*** Begin section ***

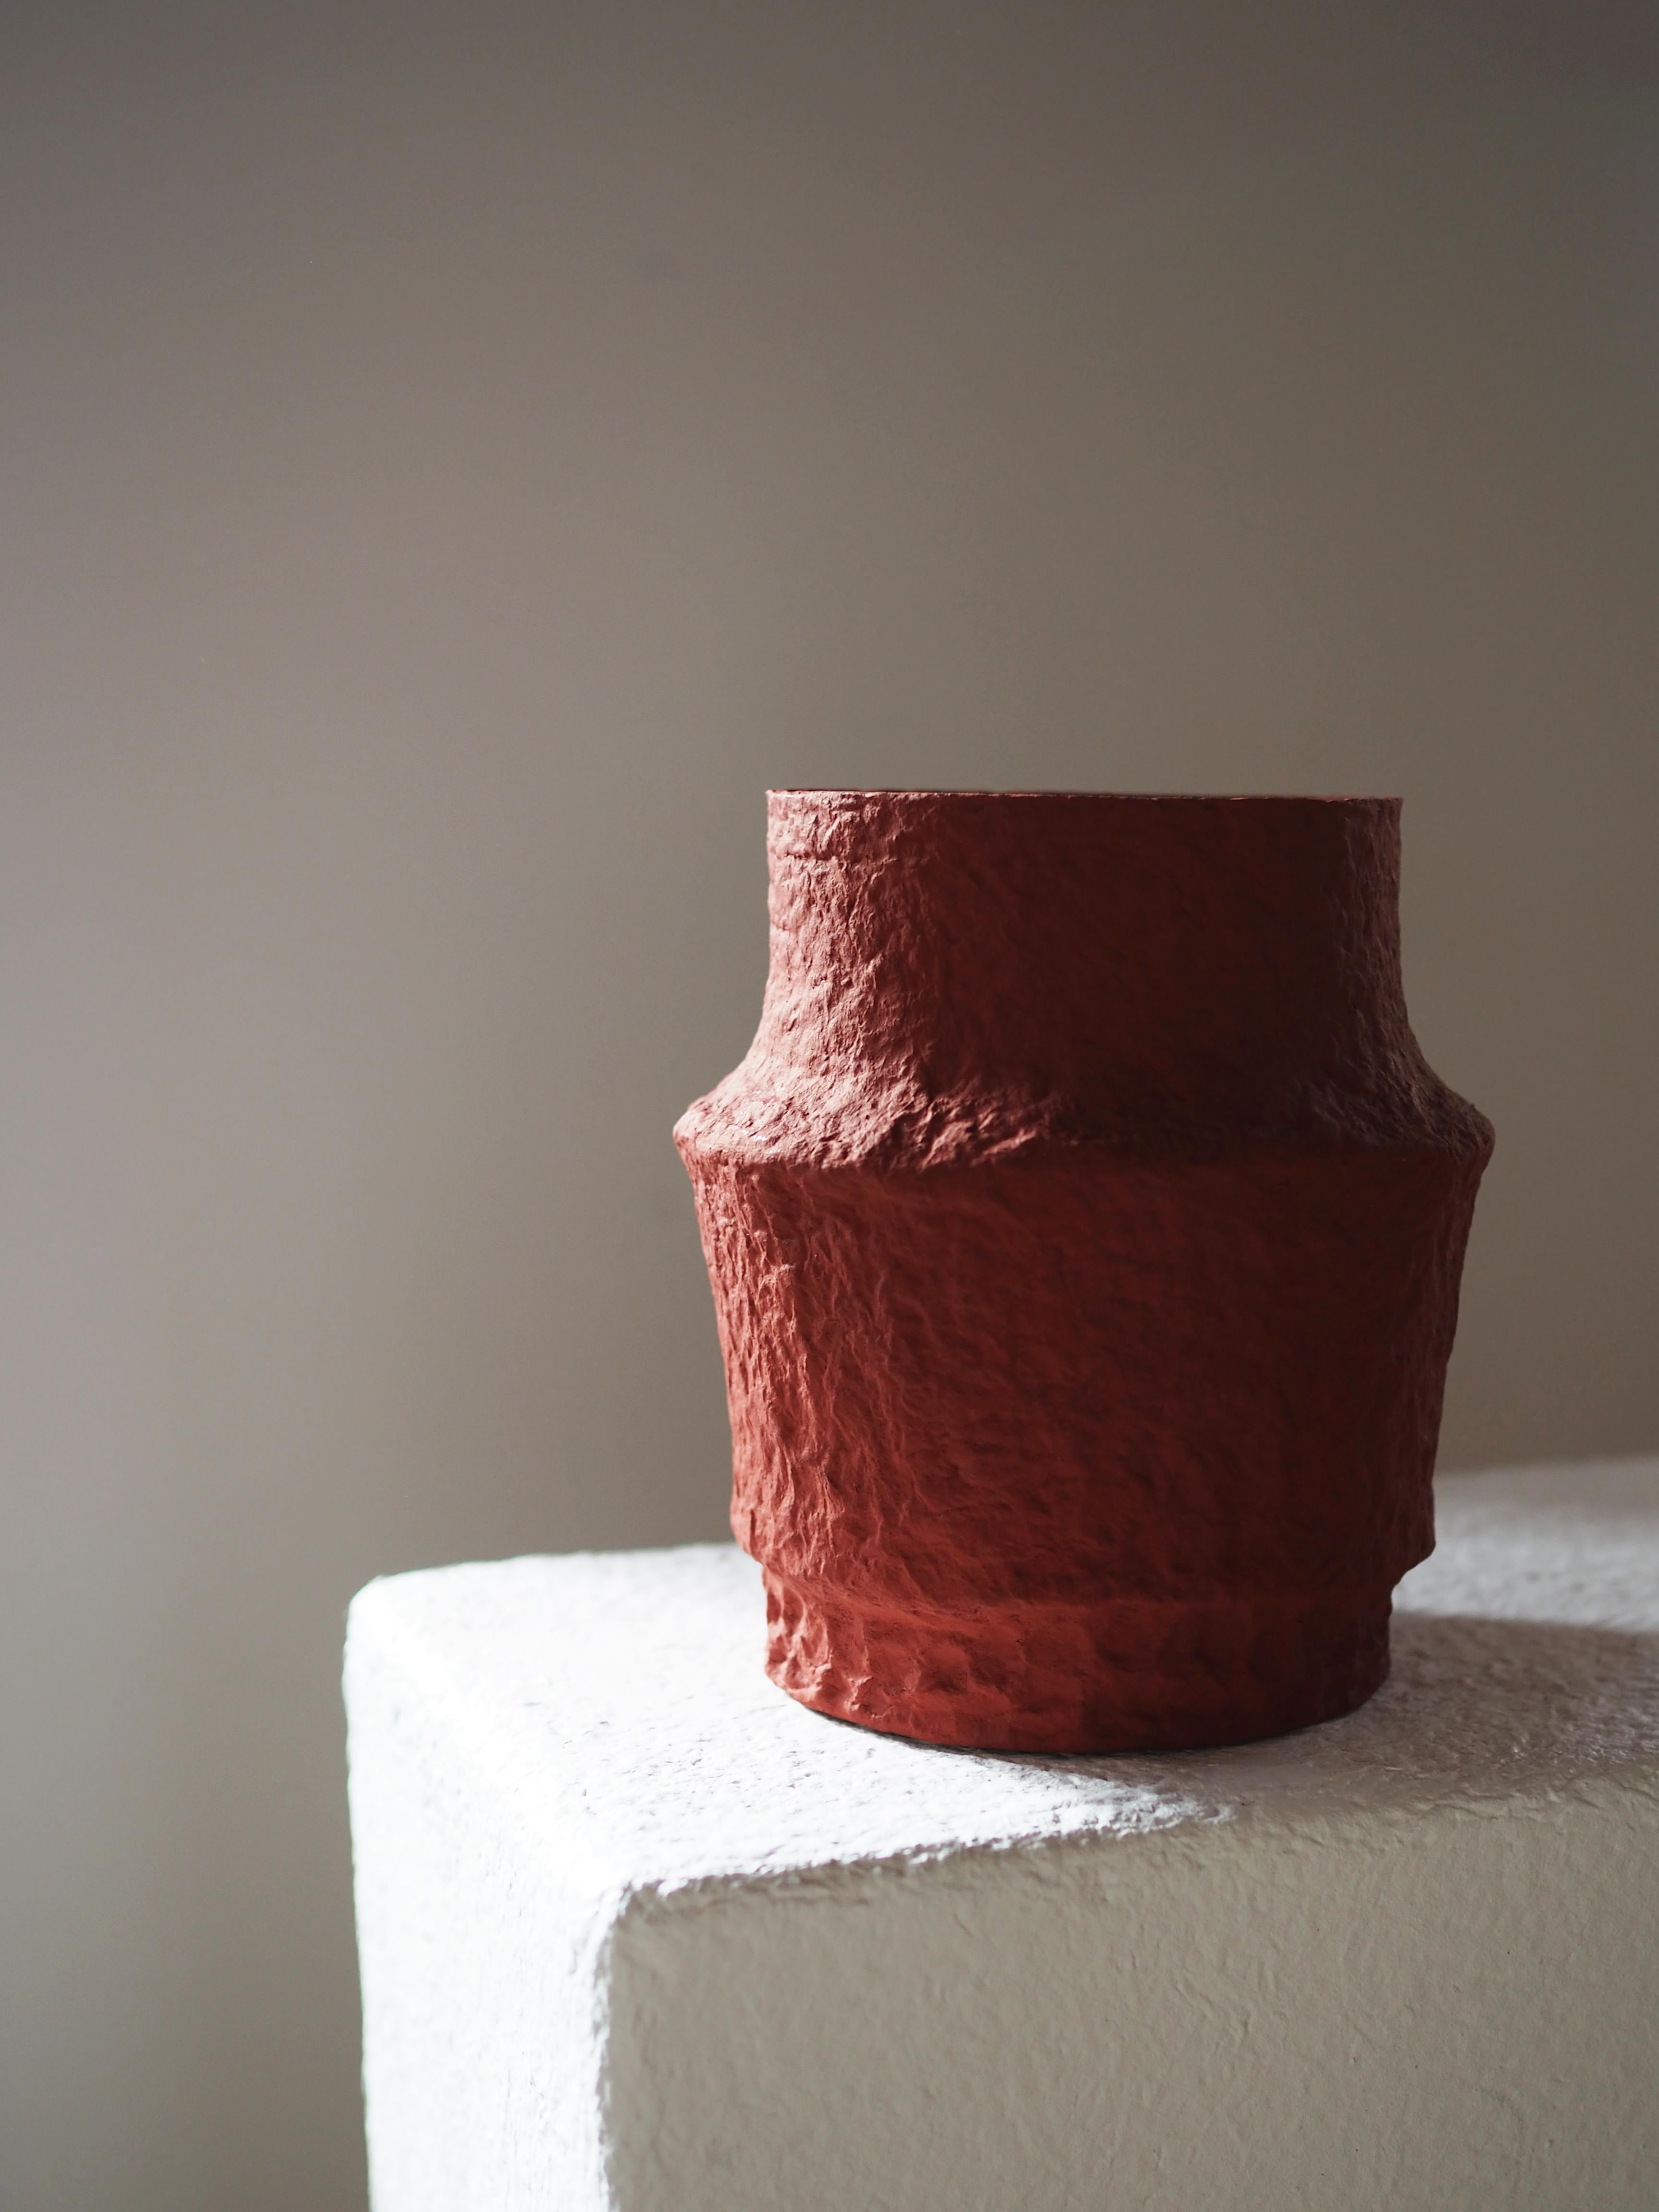 Lykos-Vase 3 von Pauline Pietri
Einzigartiges Stück.
Abmessungen: Ø 16 x H 15 cm. 
MATERIALIEN: Papierzellstoff und ultramarinblaue Farbe auf Biobasis.

Ökologisch gestaltete Vase auf der Grundlage von Zellstoff - Pappe, Papier, Zeitungen usw. Die
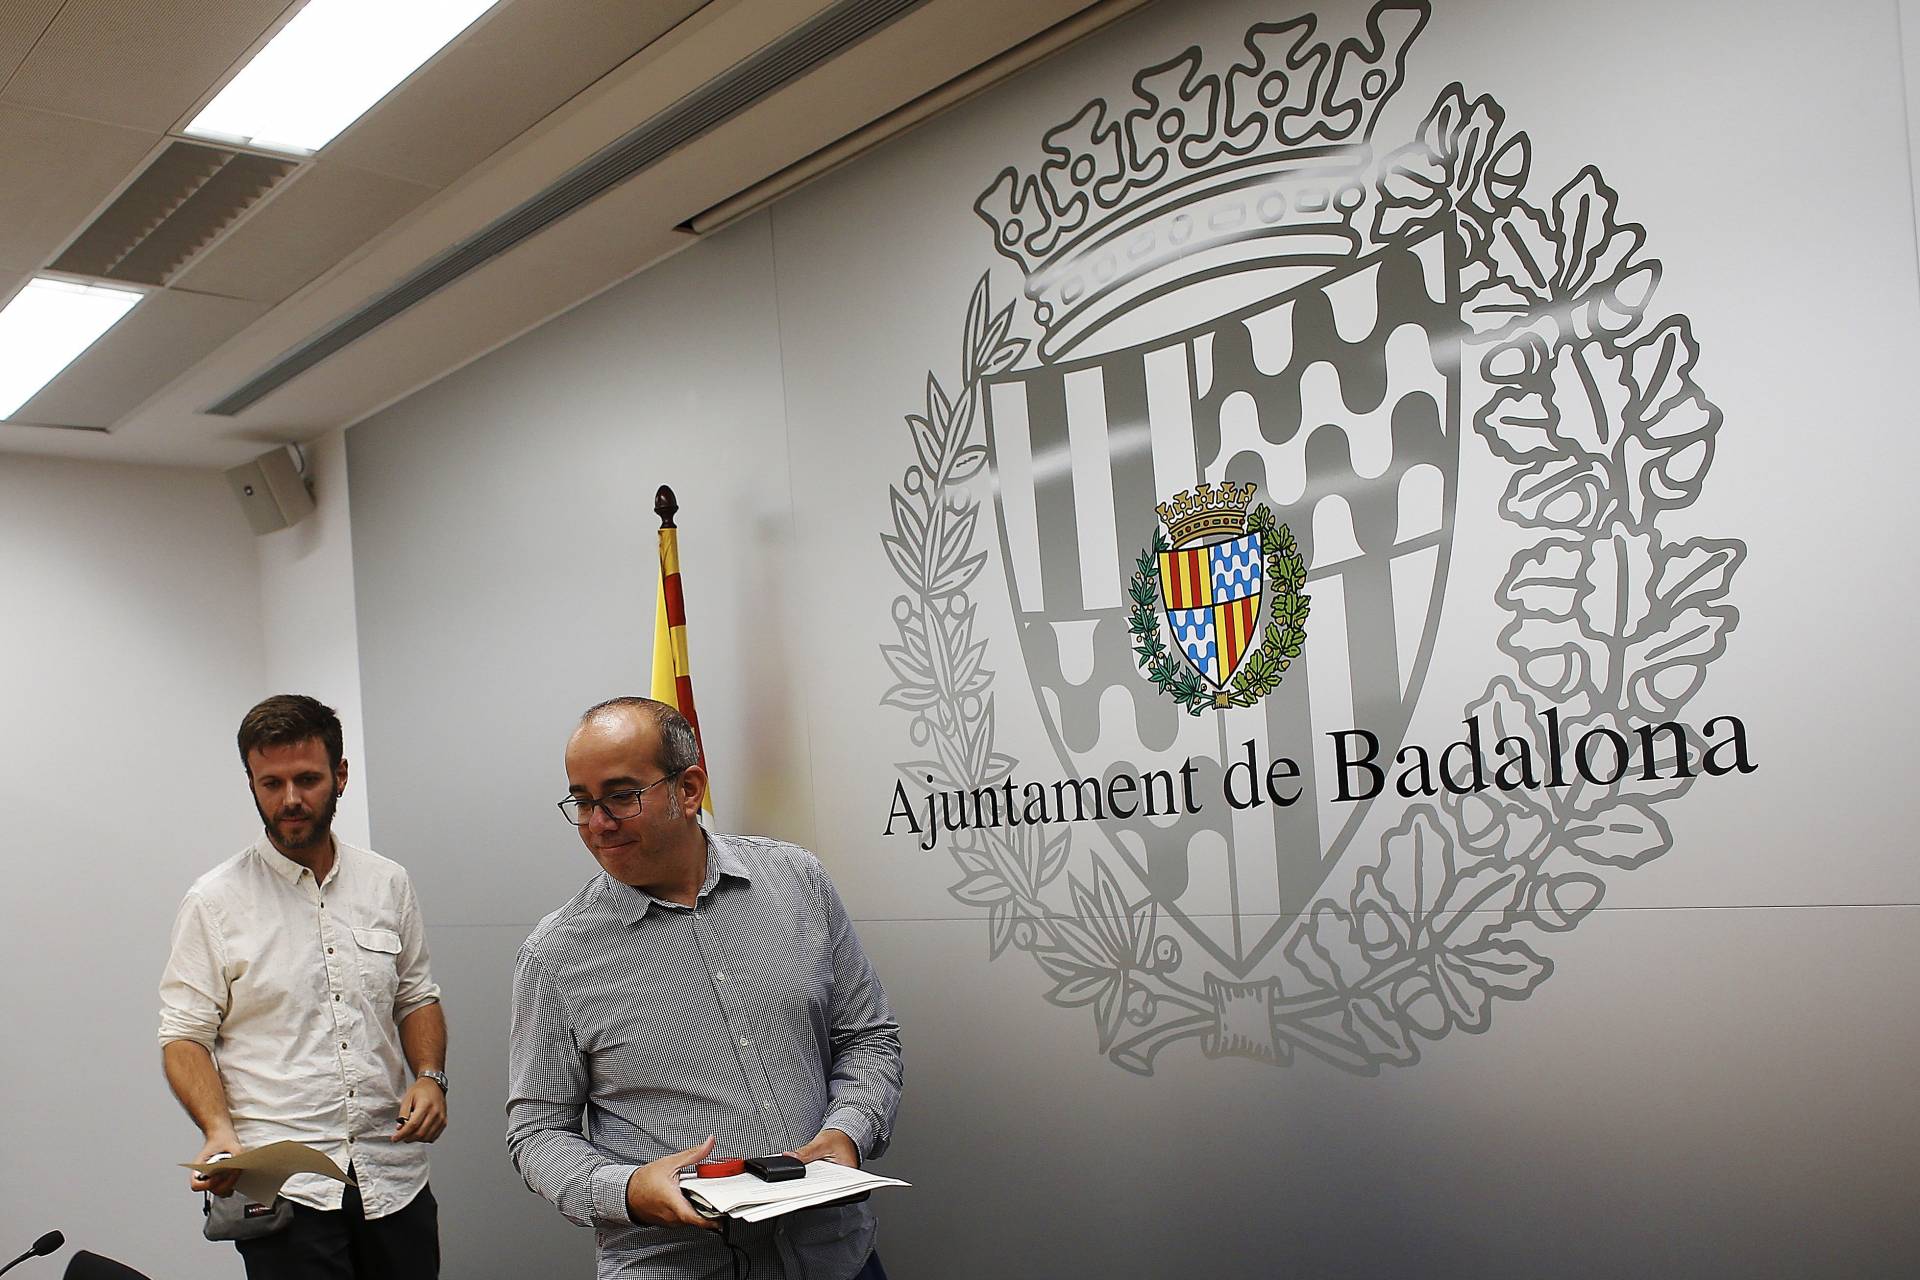 El Ayuntamiento de Badalona invoca ante el juez la libertad ideológica de la Constitución

*** End section ***

### Required work
Reproduce exactly and only the lines from the one with "Ökologisch gestaltete Vase" through the final line of the records above, inclusive. Pictures must be left out.

### Problem solution
Ökologisch gestaltete Vase auf der Grundlage von Zellstoff - Pappe, Papier, Zeitungen usw. Die
 El Ayuntamiento de Badalona invoca ante el juez la libertad ideológica de la Constitución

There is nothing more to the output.